En medio de un paisaje de escombros, un hombre se inclina sobre otro que
está tendido en el piso boca arriba, inmóvil, con la cara
chamuscada, probablemente muerto. El sobreviviente mira fuera de cuadro,
hacia las piernas del caído, tapadas por una carcaza metálica,
mientras busca con las manos la manera de moverlo, liberar su cuerpo de
lo que lo mantiene atrapado, ponerlo a salvo. Atrás, en segundo
plano, de espaldas a la cámara, otro hombre arrodillado parece
estar haciendo exactamente lo mismo. Más allá hay un tercero
de pie, borroso, que se tapa la cara para poder ver algo entre las nubes
de polvo. Quieta y brutal, la foto, barriendo toda otra información,
prácticamente cubre la portada de la edición de Página/12
del martes 19 de julio de 1994. El lunes 18, cerca de las 10 de la mañana,
una bomba voló la sede porteña de la AMIA. Las cifras son
provisorias pero ya espantan: por lo menos 26 muertos, más
de 80 desaparecidos y 150 heridos, informa la tapa.
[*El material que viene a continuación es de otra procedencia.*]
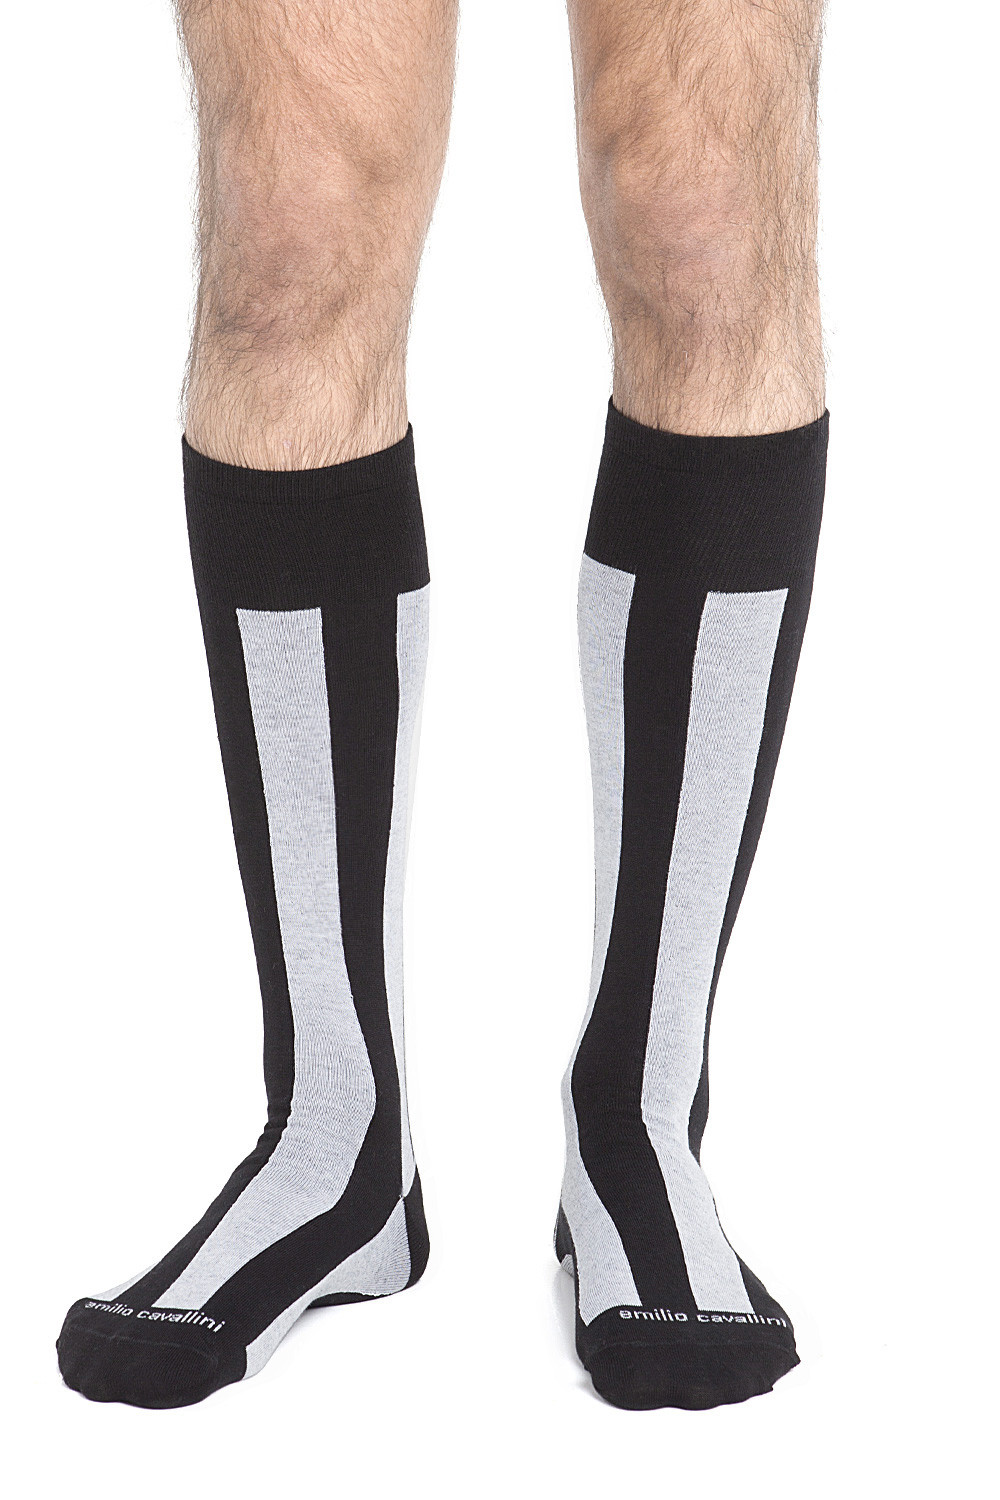 Vertical Stripes Mantyhose | Mantyhose: Tights for Men | Emilio Cavallini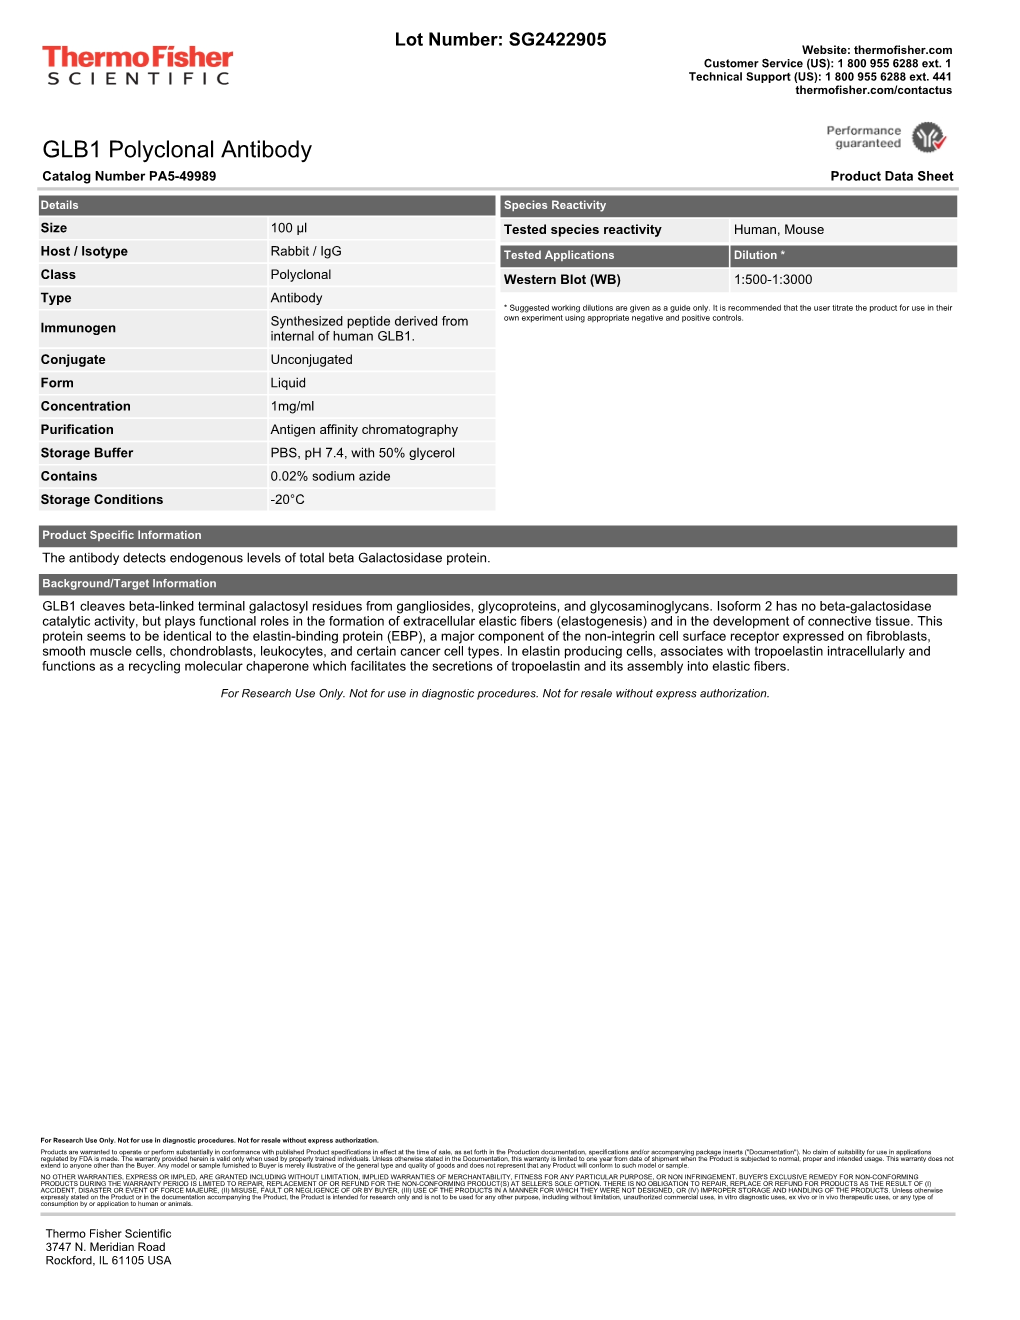 GLB1 Polyclonal Antibody Catalog Number PA5-49989 Product Data Sheet

Todos sabemos hasta qué punto el tiempo que transcurrió
desde entonces ese tiempo que, según una ley natural
muy difundida pero muy poco argentina, cura las heridas
no ha hecho, en este caso, otra cosa que profundizarlas, garantizando
que la sangría no se detenga. Junto con las cifras de muertos,
heridos y familias diezmadas, aumentaron también las complicidades
turbias, el encubrimiento, las siniestras farsas jurídico-policiales
y la política general de impunidad que a esta altura parecen indisociables
del ser nacional. Ocho años después de cometido, el atentado
contra la AMIA sigue siendo un agujero negro en el corazón de la
década menemista. El ovillo no ha sido desovillado; los artífices
de la masacre no fueron identificados; no hubo condenas. El tiempo no
aportó respuestas: sólo multiplicó las preguntas
y consolidó el cielo de sospechas bajo el cual seguimos viviendo.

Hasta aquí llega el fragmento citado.